On leaving the university, Vassall became a schoolmaster at the Dragon School in Oxford, remaining there until his death, by which time he was joint headmaster. In the school holidays in 1902, 1903 and 1905, he played a few cricket matches for Somerset as a lower-order batsman and right-arm fast bowler. In his first game, against Surrey, he joined Peter Randall Johnson with Somerset needing 65 for victory with three wickets to fall and hit an unbeaten 27 to take his side to success. But in his five other matches for Somerset over the next three years he only made 19 other runs and his only wicket came in 1905 when, as the seventh bowler used, he finally broke a stand of 261 by the Kent second wicket pair Ted Dillon and James Seymour.

== Marriages ==
On 7 January 1902, Gilbert married Rosa Mary Cotter at Holy Trinity Church, Yeovil. She was the daughter of William Laurence Cotter (the rector of West Coker, Somerset, from 1880 to 1898) and his first wife, Edith Wood (a Black Country heiress).
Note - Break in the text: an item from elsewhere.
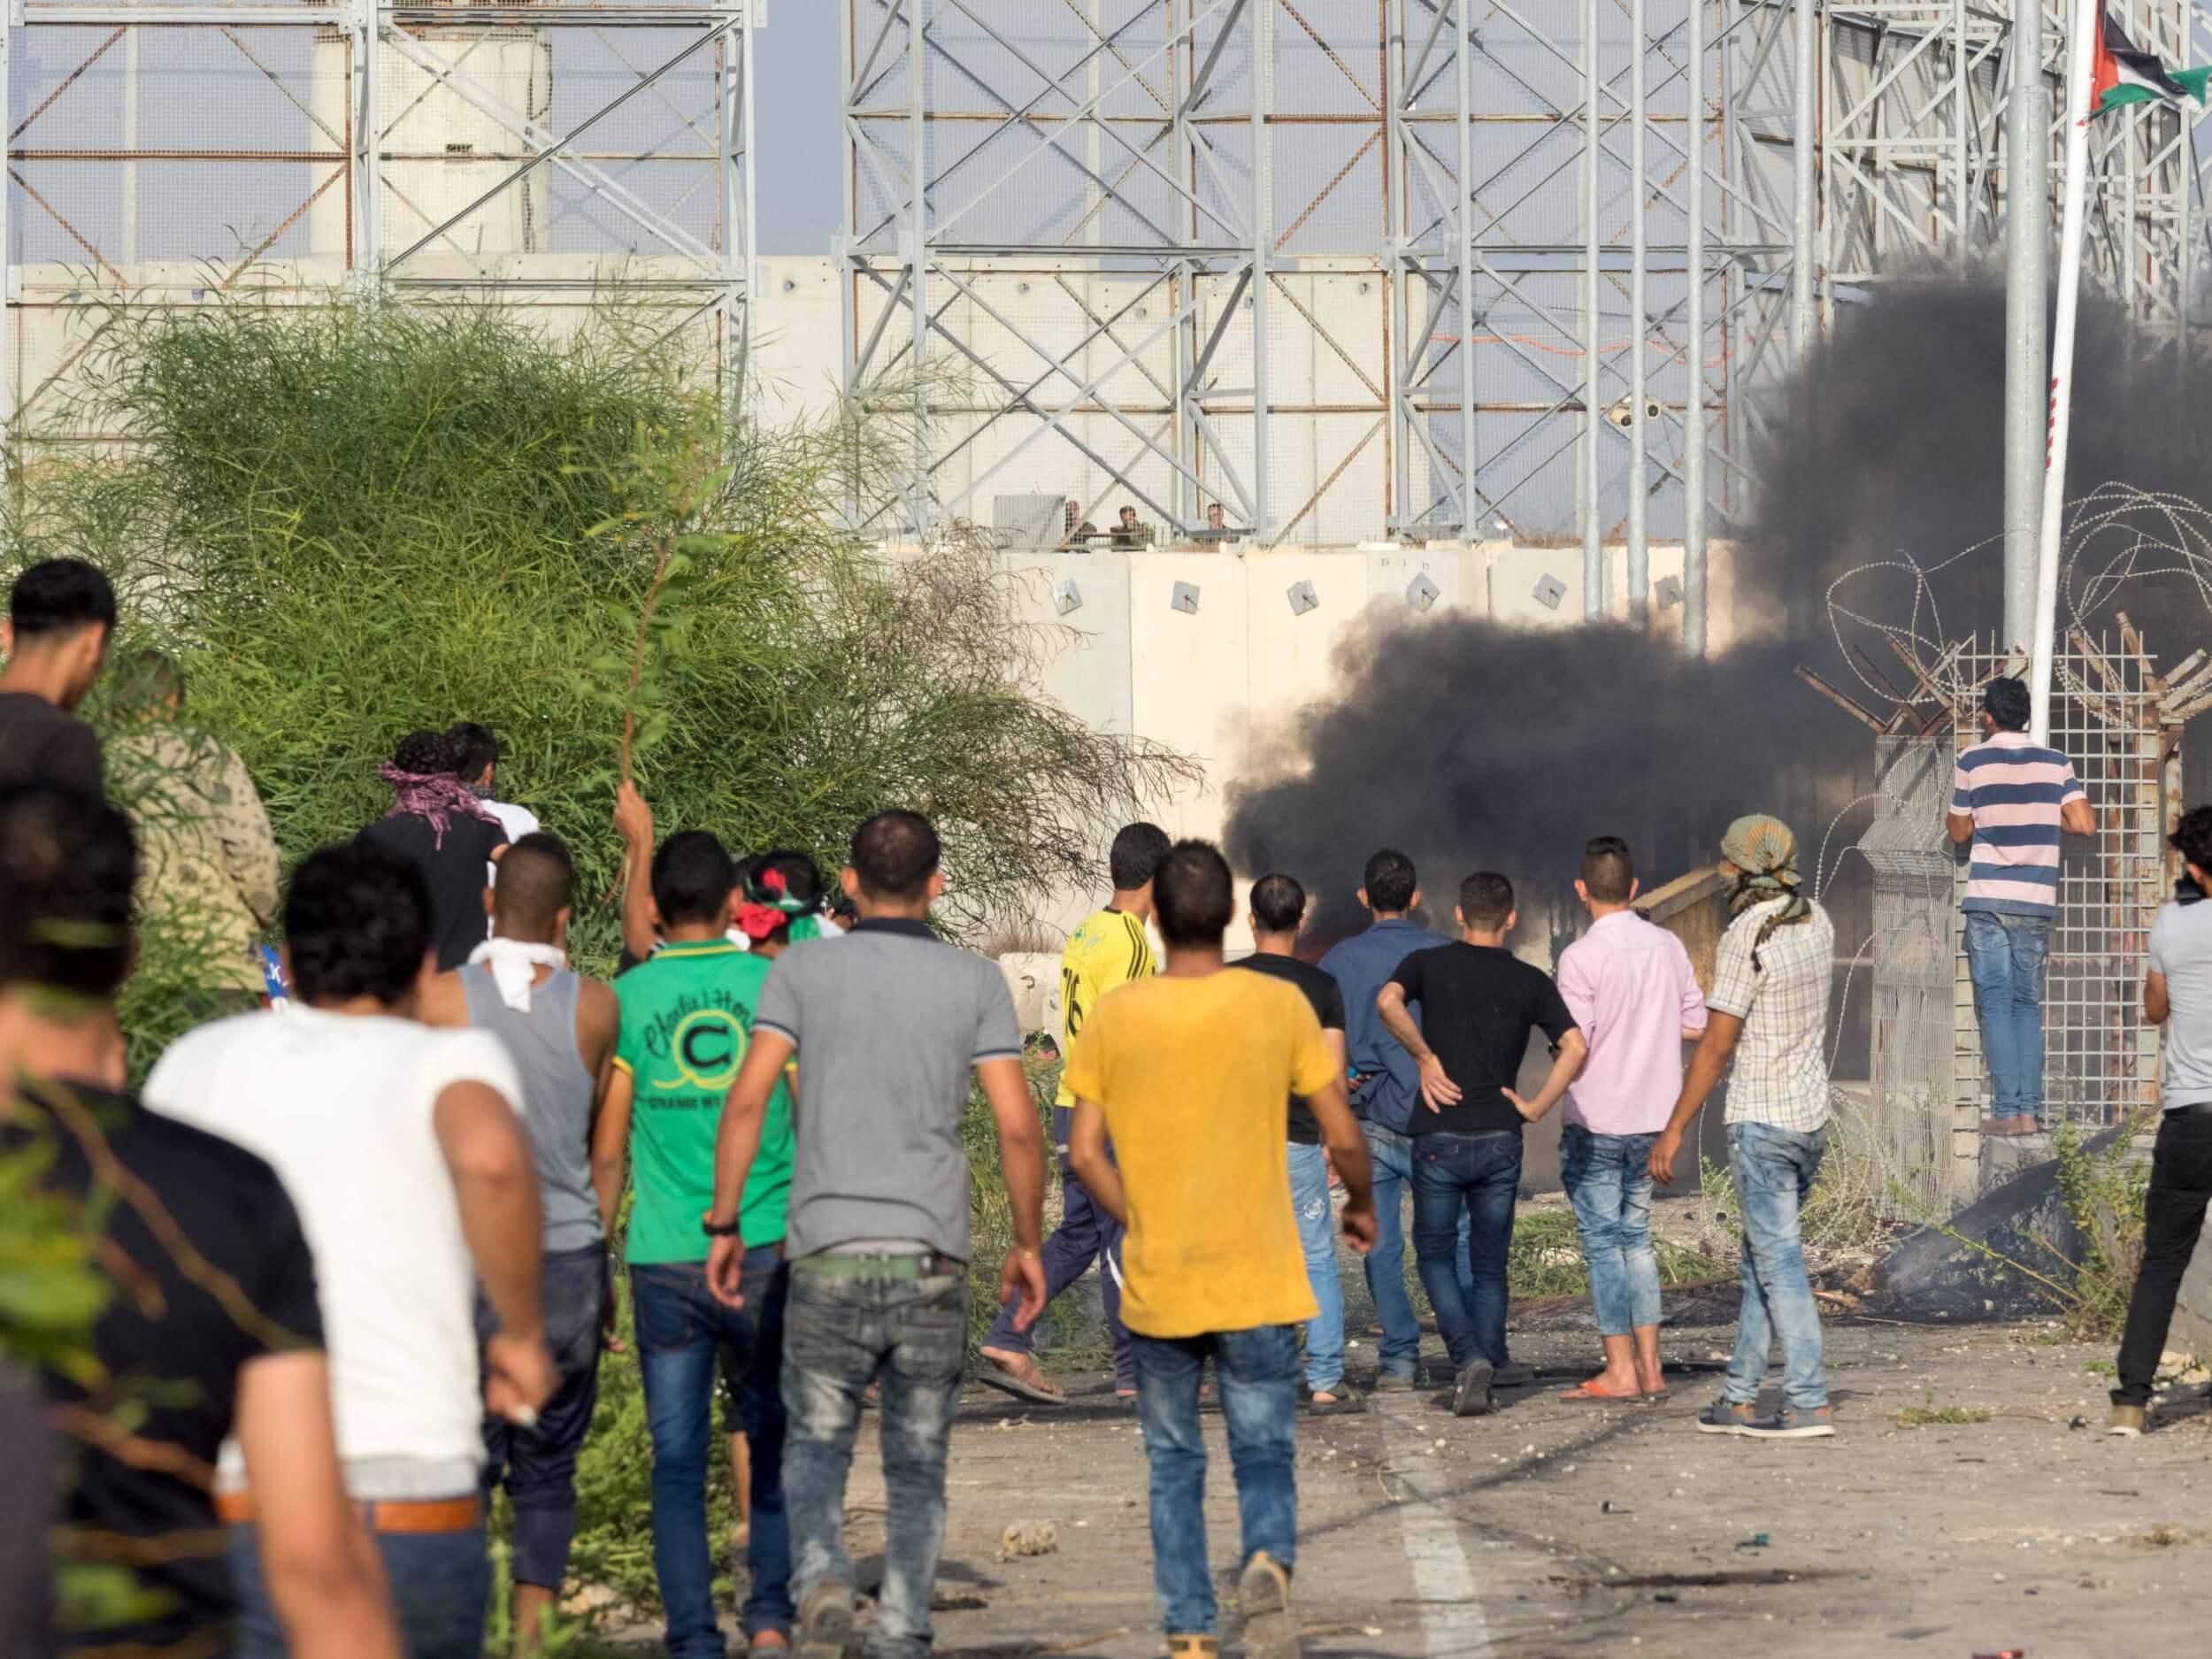 Israeli soldiers look down on Palestinian protestors in Gaza. (Photo: Dan Cohen)

Gilbert and Rosa lived at 181 Banbury Road, Oxford, for four years and then moved to 11 Charlbury Road, Oxford.

When Rosa died on 9 March 1928, aged 49, she left her husband the income on her estate for life.

On 1 August 1929, Gilbert married Brenda Elizabeth Ferrall at Little Horsted, East Sussex. She was the daughter of the Rev. Henry John Ferrall of Heckingham, Norfolk. By 1929, Brenda had changed her name to "O'Ferrall," which was probably the version used by her Irish ancestors. She and Gilbert had one daughter.